I casi che si sono finora presentati hanno riguardato meeting, organizzati mediante un “passaparola” clandestino, realizzato attraverso il web e soprattutto attraverso i social network, che si sono tenuti in aree di proprietà pubblica o privata invase illecitamente dai partecipanti”.
Se leggiamo bene la norma (che deve avere necessariamente un contenuto di carattere generale) ci accorgiamo che il presunto contrasto dei c.d. rave party ‘’selvaggi’’ potrebbe diventare uno specchio per allodole. Ma chi lo ha suggerito a Matteo Piantedosi e al governo – osservati speciali di temuto autoritarismo – di varare una norma inutile e pericolosa.
Inutile perché la crisi di Modena Nord si è risolta senza dover applicare un decreto che non era ancora in vigore. Inutile, perché, sul piano dell’immagine, le autorità erano state in grado di risolvere un problema, senza che nessuno si facesse male. Pericolosa, per come è formulata, la norma – che peraltro prevede pene esagerate – perché può essere usata per reprimere forme comuni di protesta sociale.
È appena il caso di ricordare che le pene previste sono più pesanti (per quanto riguarda soprattutto la pena minima) di quelle stabilite per reati – tanto per fare qualche esempio – come l’omicidio colposo (da 6 mesi a 5 anni), le lesioni gravissime (da 3 mesi a 2 anni), la truffa aggravata (da 1 a 5 anni), il furto in abitazione e lo scippo (da 1 a 6 anni), la rapina a mano armata (da 4 a 10 anni)
Leggiamo, allora, il testo che peraltro tipizza un nuovo specifico reato di cui fornisce la definizione: “L’invasione per raduni pericolosi per l’ordine pubblico o l’incolumità pubblica o la salute pubblica consiste nell’invasione arbitraria di terreni o edifici altrui, pubblici o privati, commessa da un numero di persone superiore a cinquanta, allo scopo di organizzare un raduno, quando dallo stesso può derivare un pericolo per l’ordine pubblico o l’incolumità pubblica o la salute pubblica’’. Potremmo fare un elenco interminabile dei comportamenti e delle iniziative che vengono unificate come unica fattispecie di reato nel decreto Piantedosi.
Invadere un’autostrada o una stazione ferroviaria (beni di proprietà pubblica) non costituisce un raduno pericoloso per l’ordine pubblico, l’incolumità pubblica o la salute pubblica?
E che dire dell’occupazione abusiva di un immobile pubblico – come l’ex sede dell’Inpdap in via Gerusalemme a Roma – dove addirittura si recò un alto prelato a riattaccare la corrente elettrica, che era stata chiusa perché non si pagavano le bollette?
O dell’invasione del porto di Trieste per protesta contro il green pass?
In taluni di questi casi sono state aperte delle indagini e avviati dei processi, a prova che le regole esistono già.
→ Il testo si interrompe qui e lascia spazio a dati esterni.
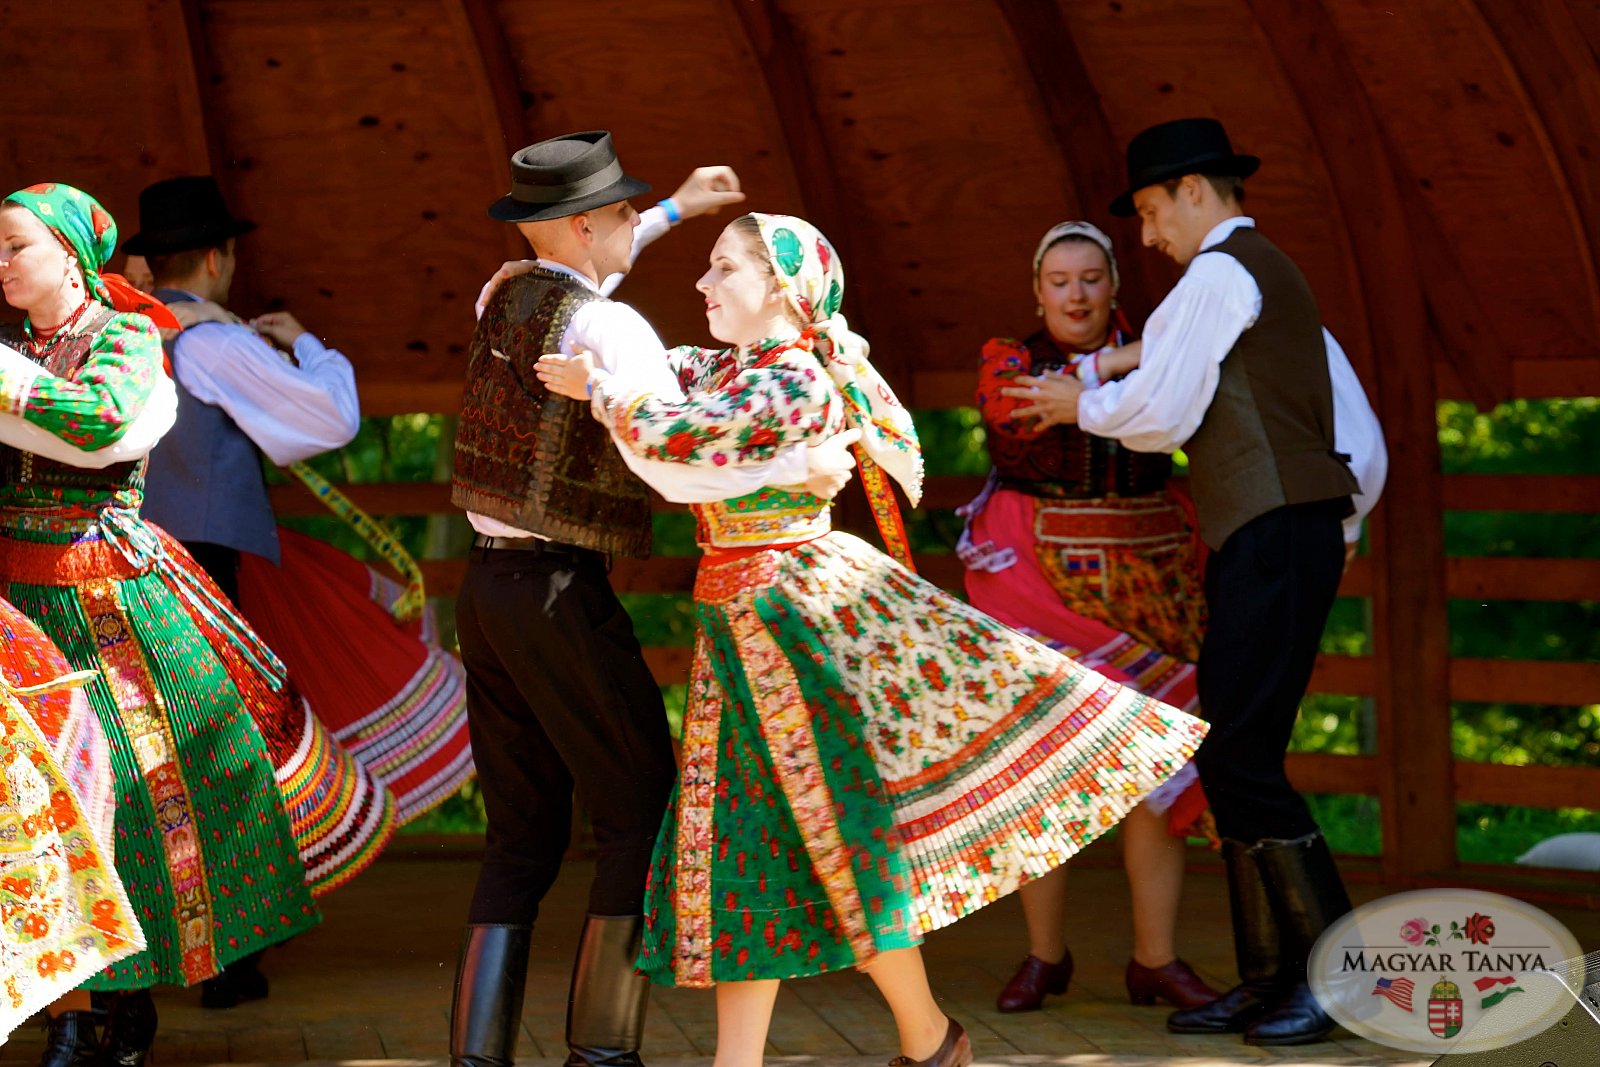                                 - Kecskemet Folk Dance Ensemble

In conclusione: il governo dica chiaramente se intende dare un giro di vite su tutte le illegalità tollerate, con la previsione di pene severe per gli organizzatori e i partecipanti. Ma il ministro non trovi il pretesto dei rave party (che, sia ben inteso, non possono essere tollerati); guai però a gettare il bambino (i diritti di libertà) con l’acqua sporca.